● DATA SEGMENT
....

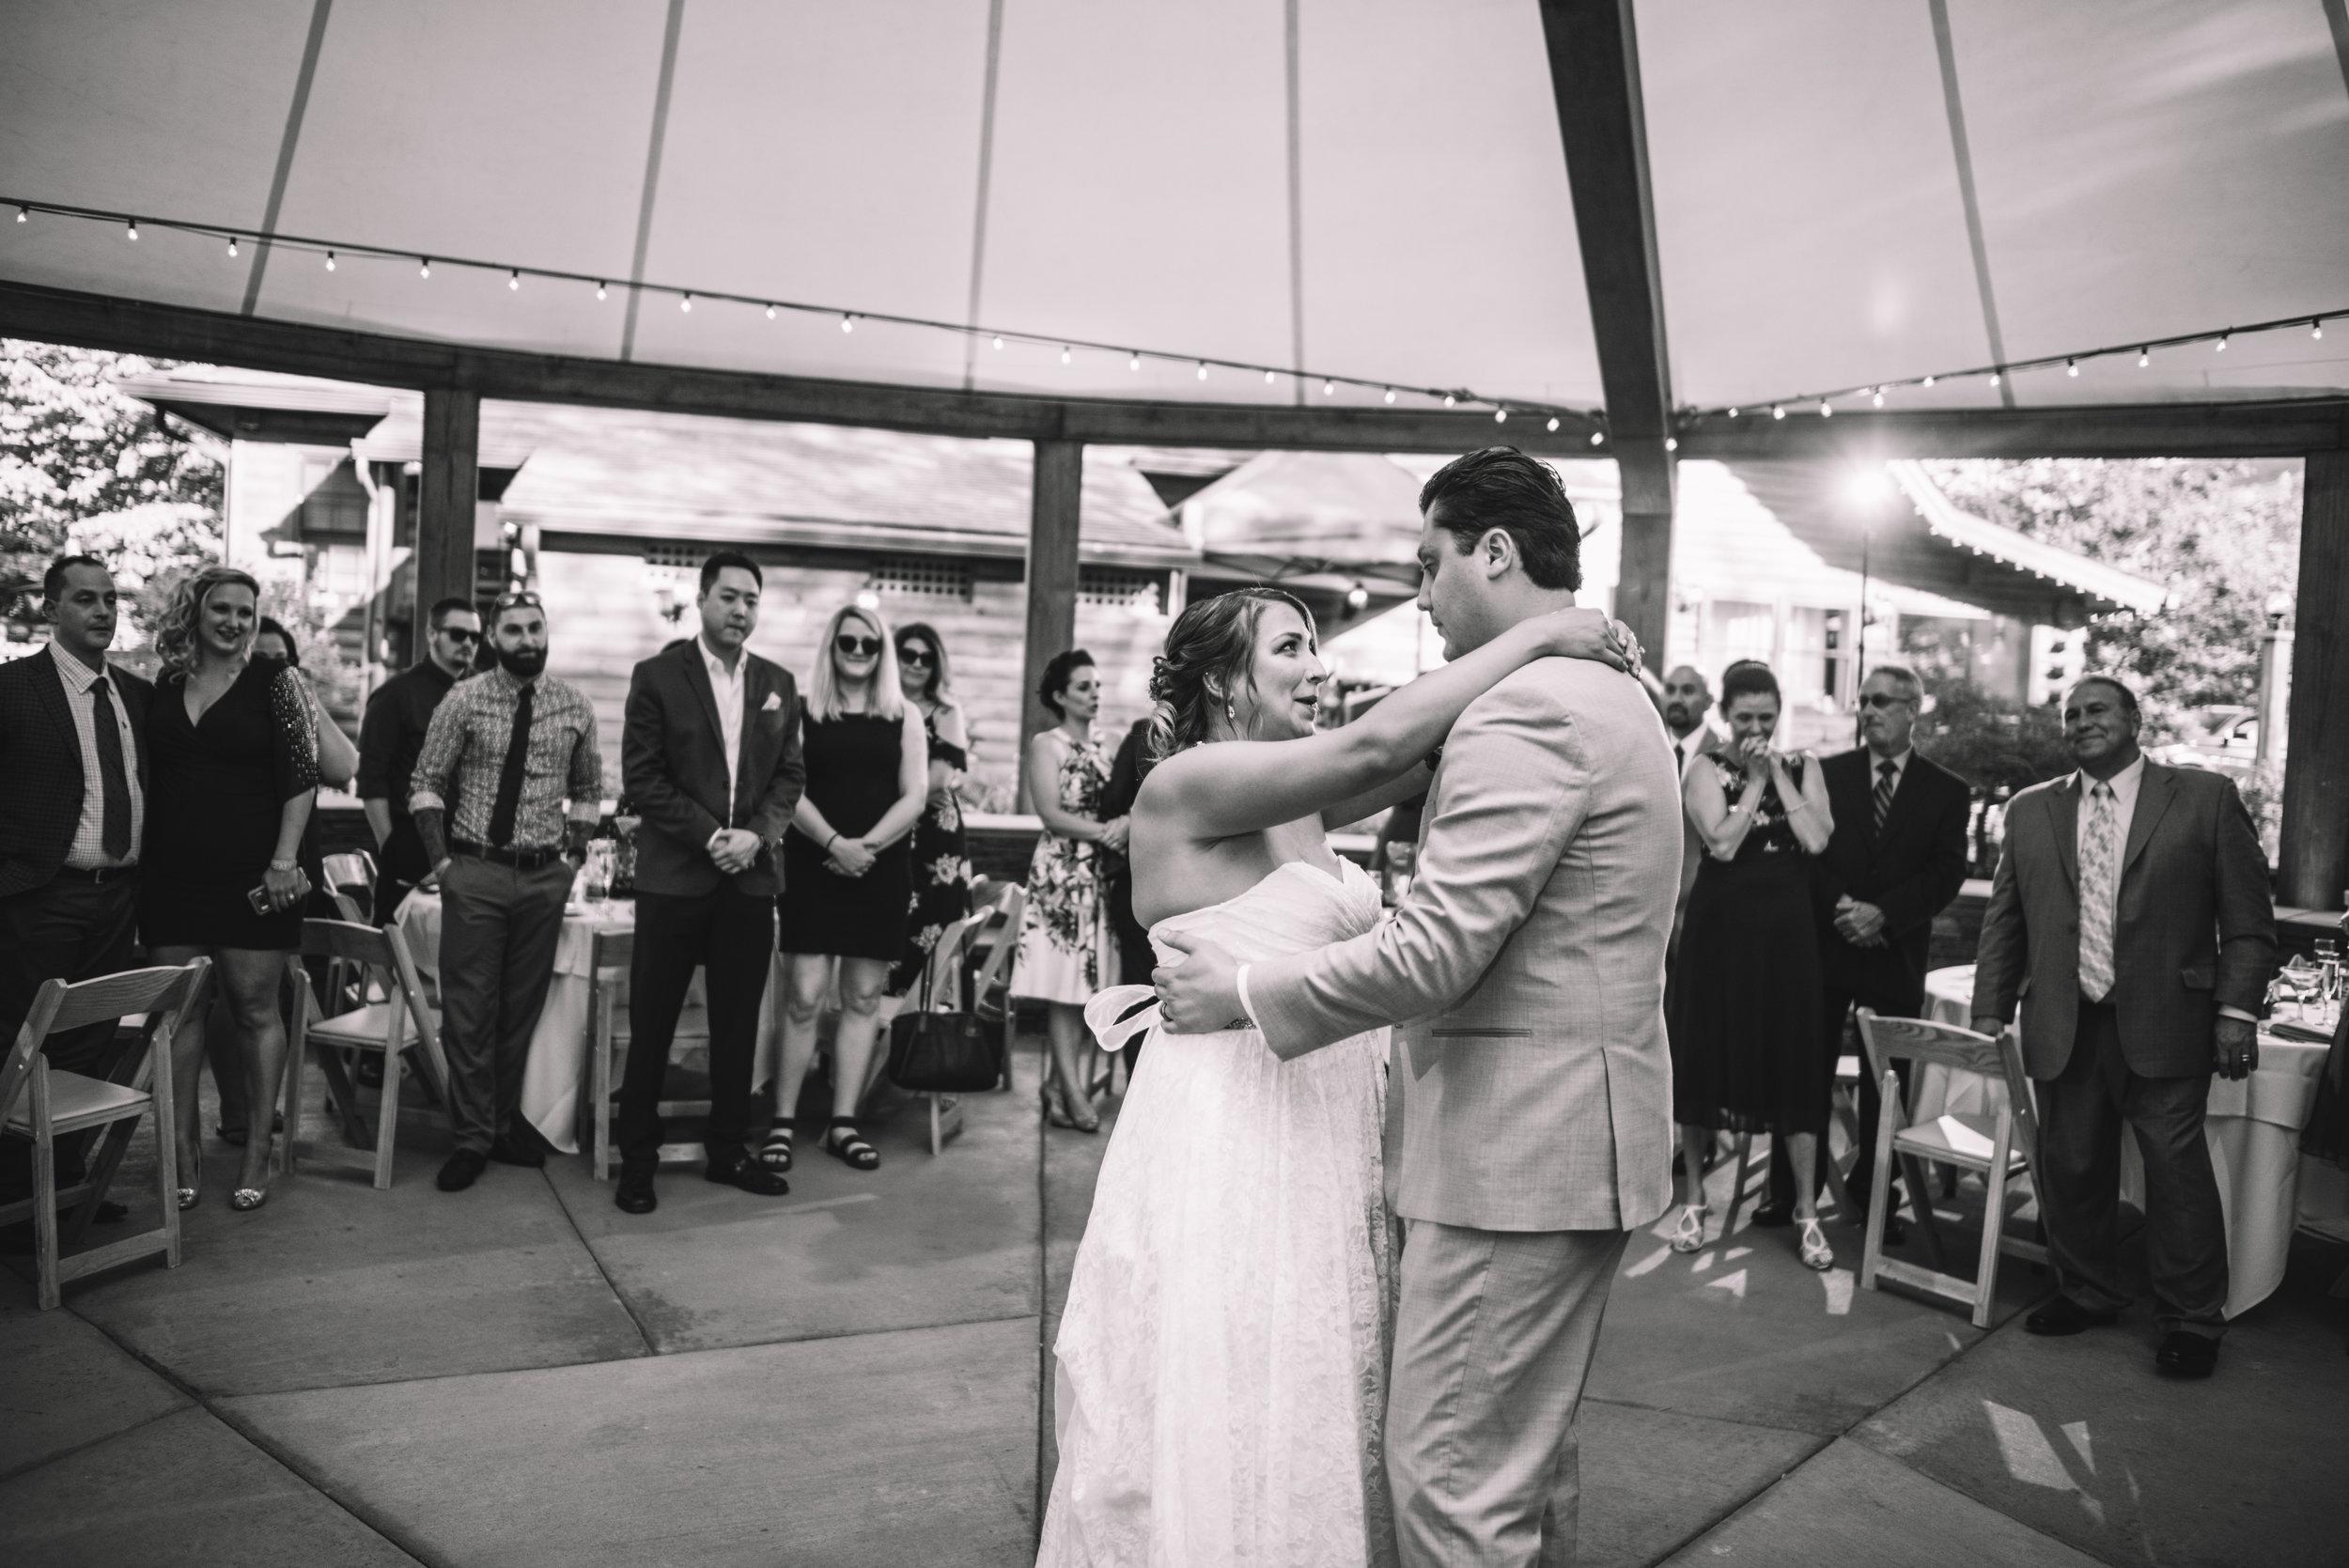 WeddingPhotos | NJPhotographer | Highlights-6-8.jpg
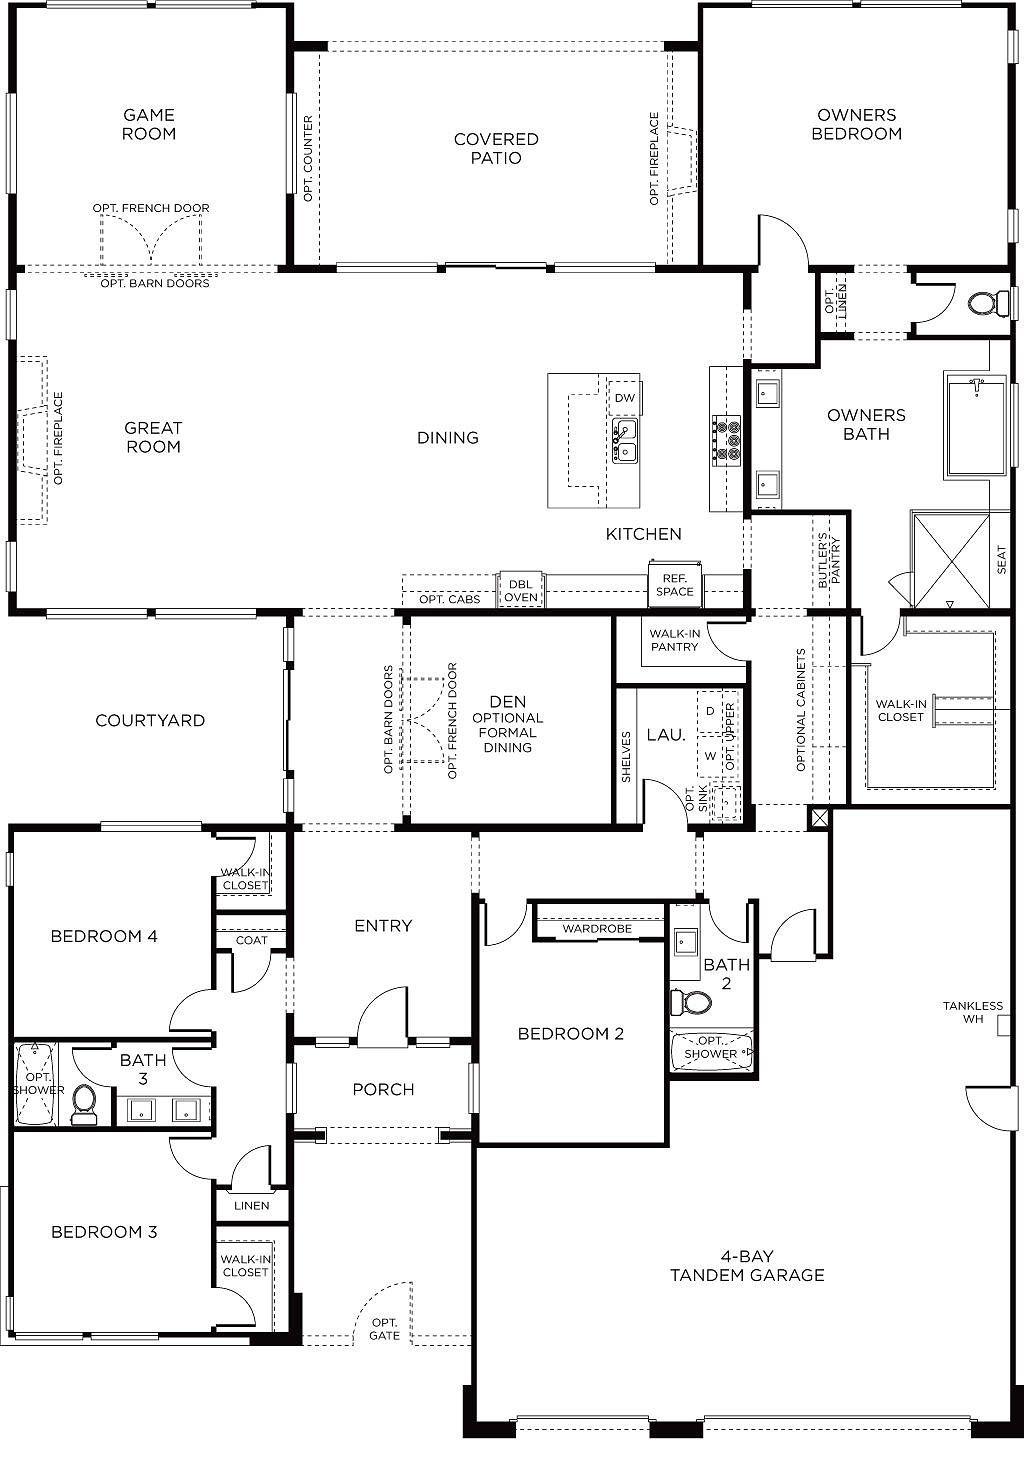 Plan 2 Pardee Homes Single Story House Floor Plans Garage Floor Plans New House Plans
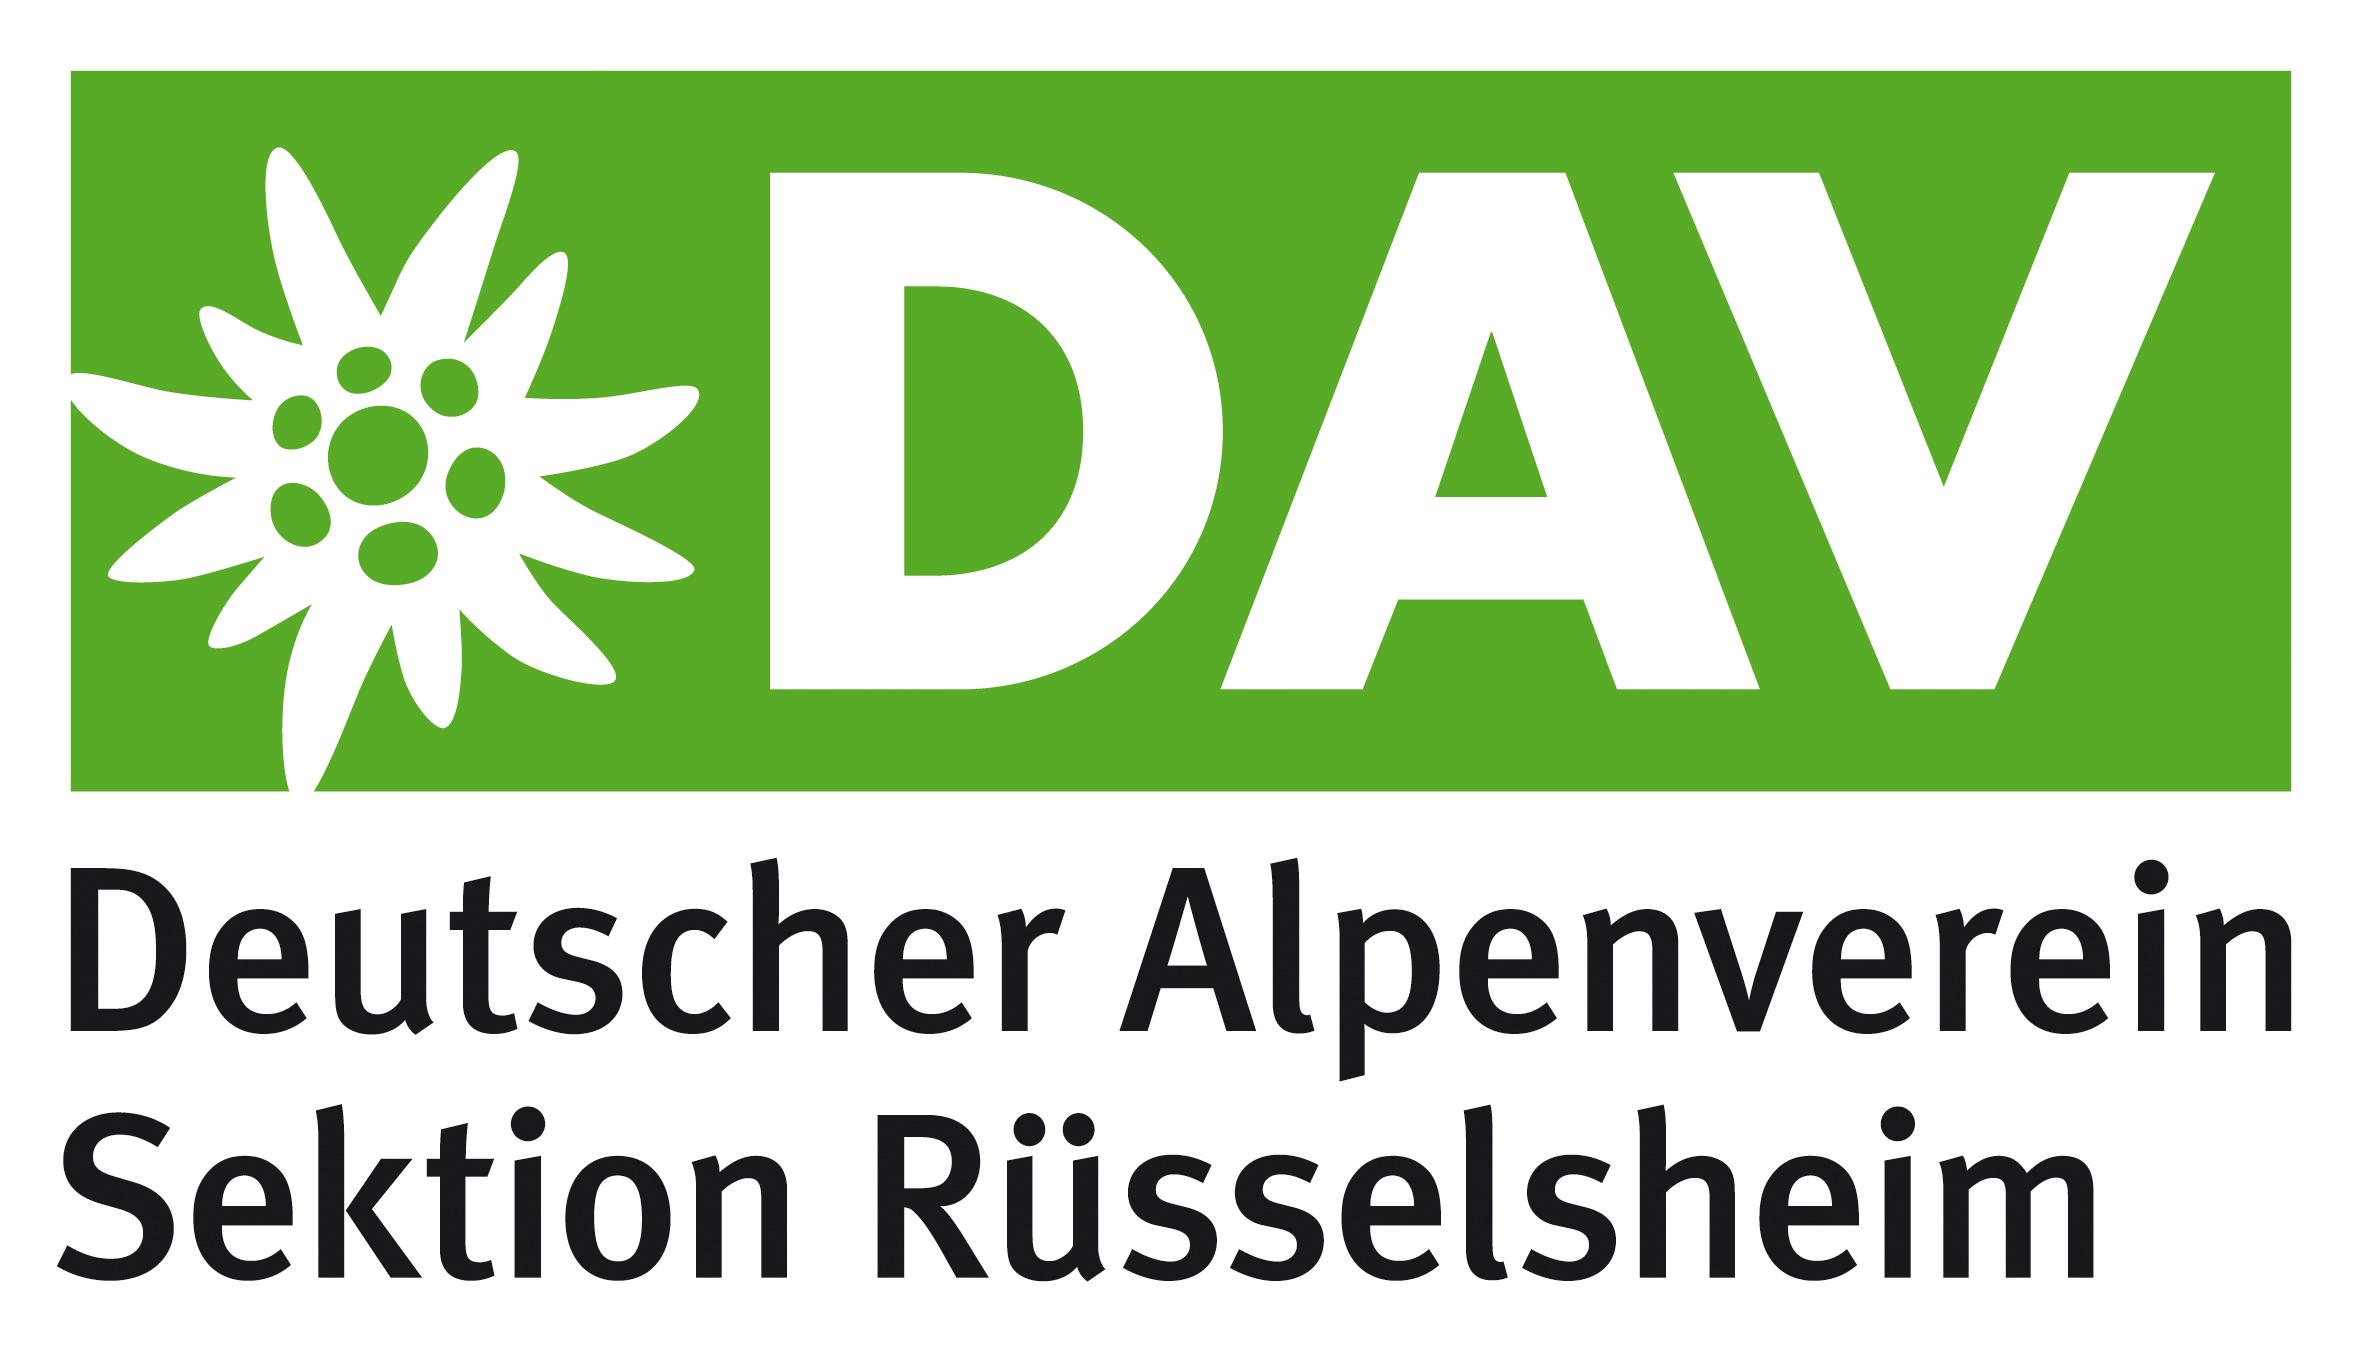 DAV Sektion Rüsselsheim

....

● WORK TO COMPLETE
The listing should be transcribed in full, exactly, and without its pictures.

● TASK ANSWER
 WeddingPhotos | NJPhotographer | Highlights-6-8.jpg
 Plan 2 Pardee Homes Single Story House Floor Plans Garage Floor Plans New House Plans
 DAV Sektion Rüsselsheim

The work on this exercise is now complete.